En 1830, Beer y Moedler compusieron su célebre Mappa selenographica siguiendo una proyección orográfica. Este mapa reproduce exactamente él disco solar, tal y como aparece; únicamente la configuración de las montañas y de las llanuras es exacta sólo en su parte central; en todo lo demás, en las partes centrales y meridionales, orientales u occidentales, aquellas configuraciones presentadas en reducción, no pueden compararse a las del centro. Este mapa topográfico, que tiene noventa y cinco centímetros de altura y se halla dividido en cuatro partes, es la obra maestra de la cartografía lunar.

A más de las obras de estos sabios, se citan los relieves selenográficos del astrónomo alemán julio Schinidt, los trabajos topográficos del padre Secchi, las magníficas pruebas del aficionado inglés Waren de la Due, y, finalmente, un mapa sobre proyección orográfica de los señores Lecouturier y Chapuis, hermoso modelo trazado en 1860, de dibujo exactísimo y muy clara disposición.

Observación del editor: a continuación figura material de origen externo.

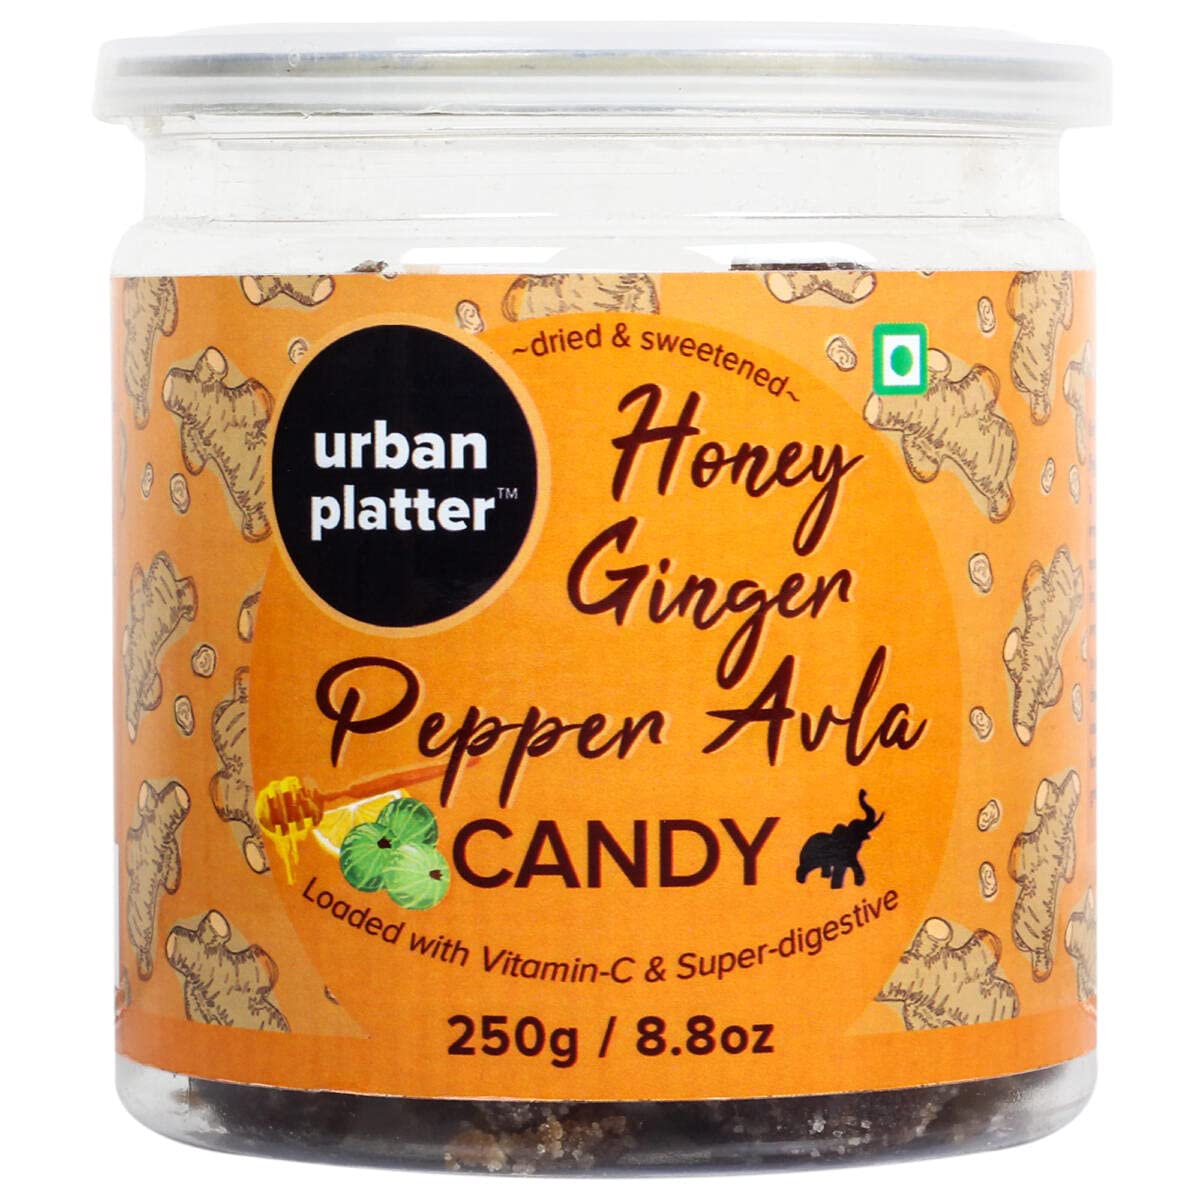 Urban Platter Honey Ginger Pepper Avla Candy Image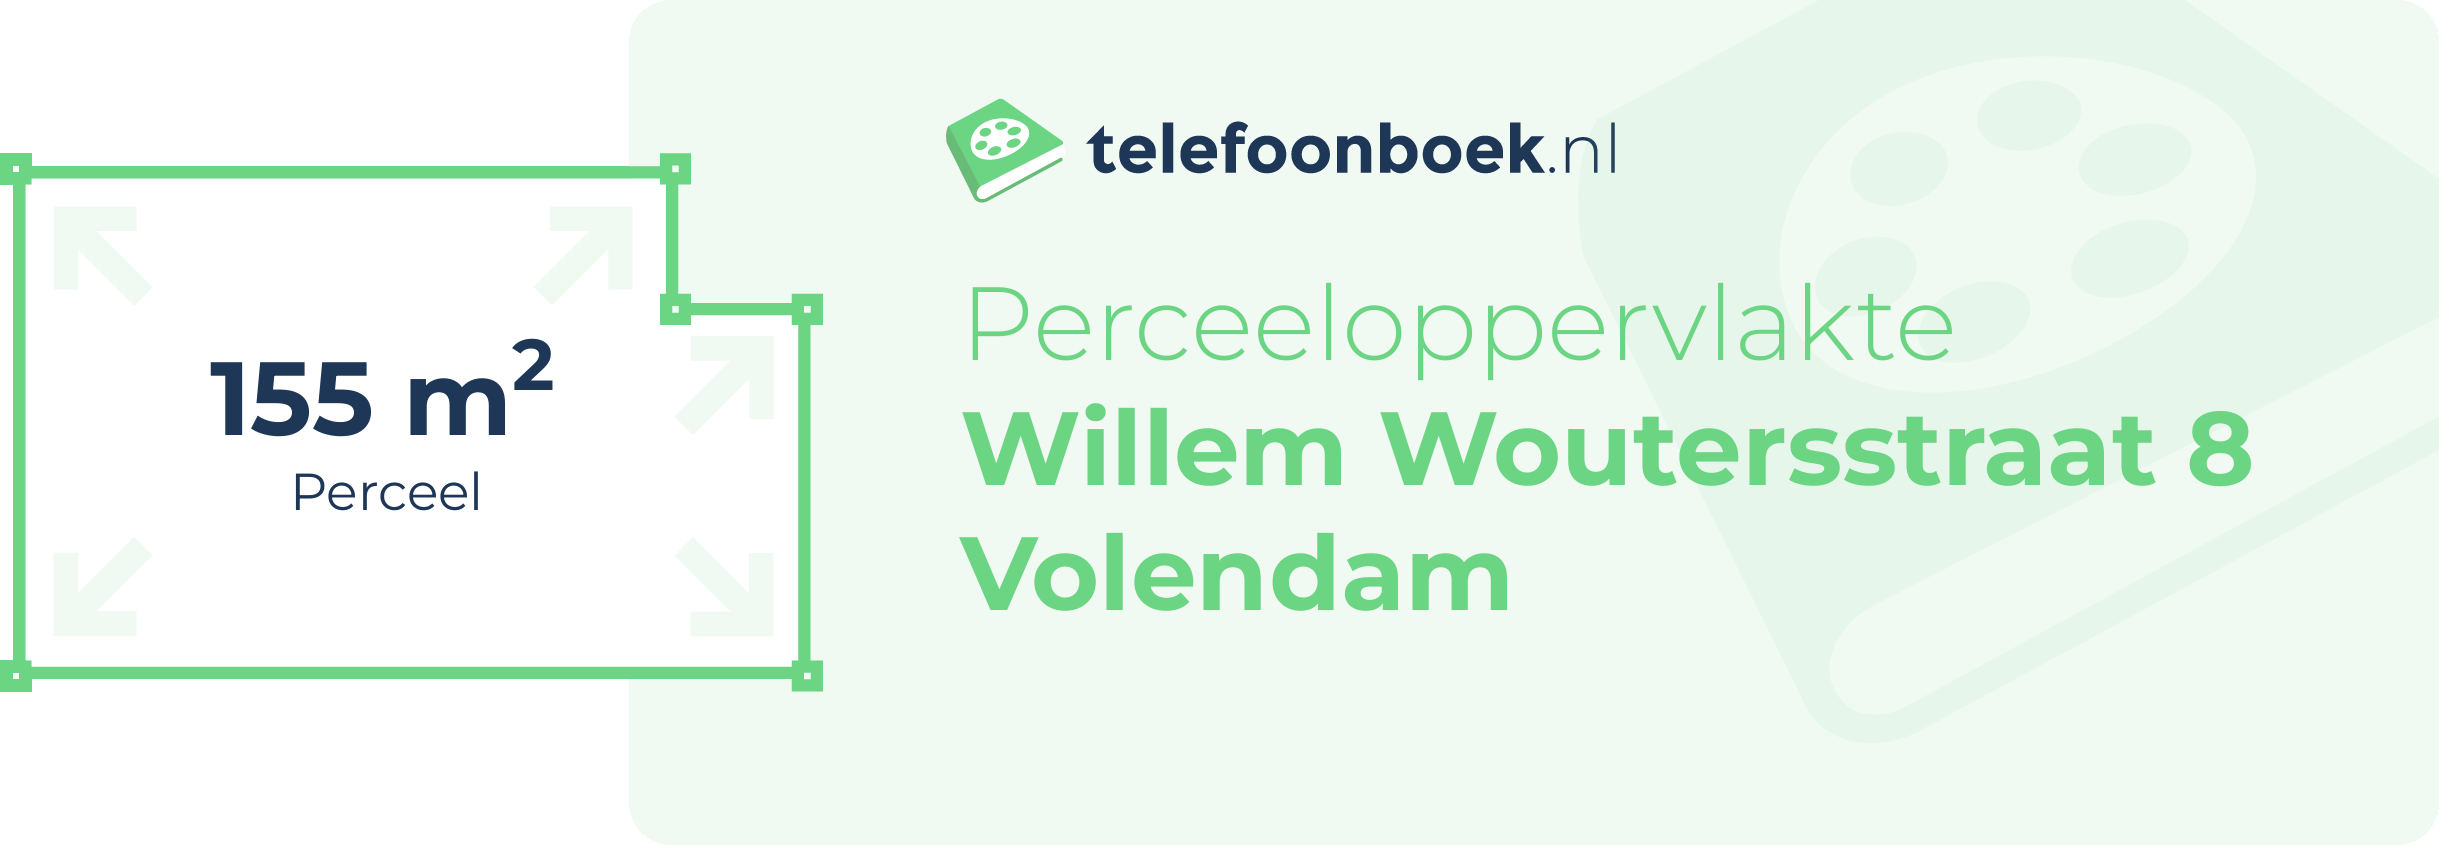 Perceeloppervlakte Willem Woutersstraat 8 Volendam

Tal es el catálogo de los diferentes mapas relativos al mundo lunar, Barbicane poseía dos, el de Beer y Moedler,.y el de Chapuis y Lecouturier; con el auxilio de ambos debía facilitarse sus trabajos de observador.

En cuanto a los instrumentos de óptica de que disponían, eran excelentes anteojos marinos, preparados especialmente para aquel viaje. Su fuerza llegaba a aumentar cien veces el tamaño de los objetos, lo que equivale a decir que hubiera hecho ver en la Tierra a la Luna a distancia de unas mil leguas. Pero entonces hallándose los observadores a cosa de las tres de la madrugada, a menos de ciento veinte kilómetros del astro, y sin el intermedio de atmósfera alguna que les perjudicara la visión, los instrumentos debían acercar la superficie lunar a unos mil quinientos metros de distancia.